The one who is indeed "as a little child'' is glad because of Life itself, and the gladness cannot be measured on any human basis, for it is far more than a human feeling in that it is as calm and as real as the one Mind which causes it. Size or extent, as mortal mind thinks of them in terms of matter, are not to be thought of in the joy of true Life, since there is but one standard by which the amount of man's delight in Spirit can be judged, and that is the standard of allness. As Mrs. Eddy says on page 336 of Science and Health. "Allness is the measure of the infinite, and nothing less can express God."
Of what size then, is any seeming pain or problem to the divine Mind? To the one Mind such a seeming has no being, and hence amounts to nothing without the least size. The supposed troubles of either past or present are but a mirage, in place of which the fact of Mind and its idea, always active and free and real, is what is to be known. It is hard even to speak or think of nothing, so hard that one needs to see that he can truly think and speak only of the divine fact which any seeming is supposed to mimic. The real action throughout the world, now and for all living, is in perfect peace and balance, without limits or discords, and this real action as it unfolds is the truth of Life for all that is.
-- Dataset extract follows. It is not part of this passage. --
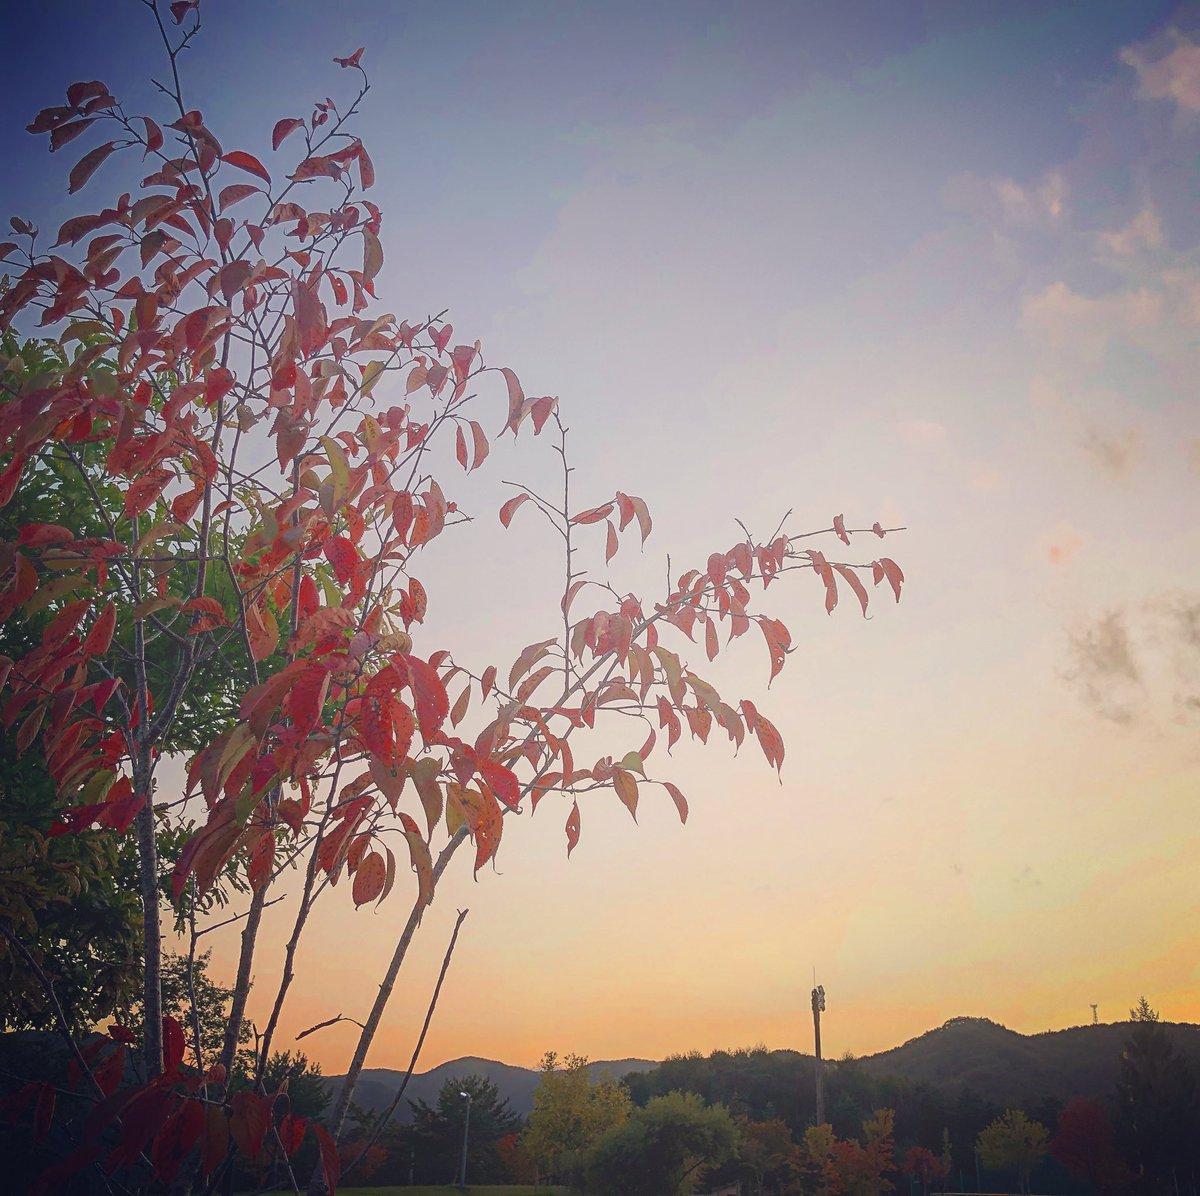 昼頃から晴れ始めた、#岩手県北 #葛巻町 の夕方🌆日が沈み始めると、寒さも感じてきました🍃皆さま今日も1日お疲れ様でした😊感謝の気持ちで明日も大丈夫👌笑顔で、『やれば出来る‼️』🤩#イマソラ #岩手県 #日々感謝 #日々笑顔 #お墓 #墓石 #墓石業者 #石のヤマカタ

It cannot be measured by human thought as either small or large, since it is boundless.
Writing of a mirage in the Argentine, Mr. W. H. Hudson says: "Quite early in spring, on any warm cloudless day this water-mirage was visible, and was like the appearance on a hot summer's day of the atmosphere in England when the air near the surface becomes visible, when one sees it dancing before one's eyes, like thin wavering and ascending tongues of flame—crystal-clear flames mixed with flames of a faint pearly or silver gray. On the level and hotter pampas this appearance is intensified, and the faintly visible wavering flames change to an appearance of lakelets or sheets of water looking as if ruffled by the wind and shining like molten silver in the sun." How large were these "lakelets or sheets of water"? The only answer to such a question must be that they really had no size whatever for they did not exist. So with all the seemings of human living, the struggles, the conflicts, and the mistakes of the ages, they have had no place in the divine Mind, no extent, and there has been nothing really to believe in them. Mrs. Eddy says on page 277 of Science and Health, "Nothing we can say or believe regarding matter is immortal, for matter is temporal and is therefore a mortal phenomenon, a human concept sometimes beautiful, always erroneous."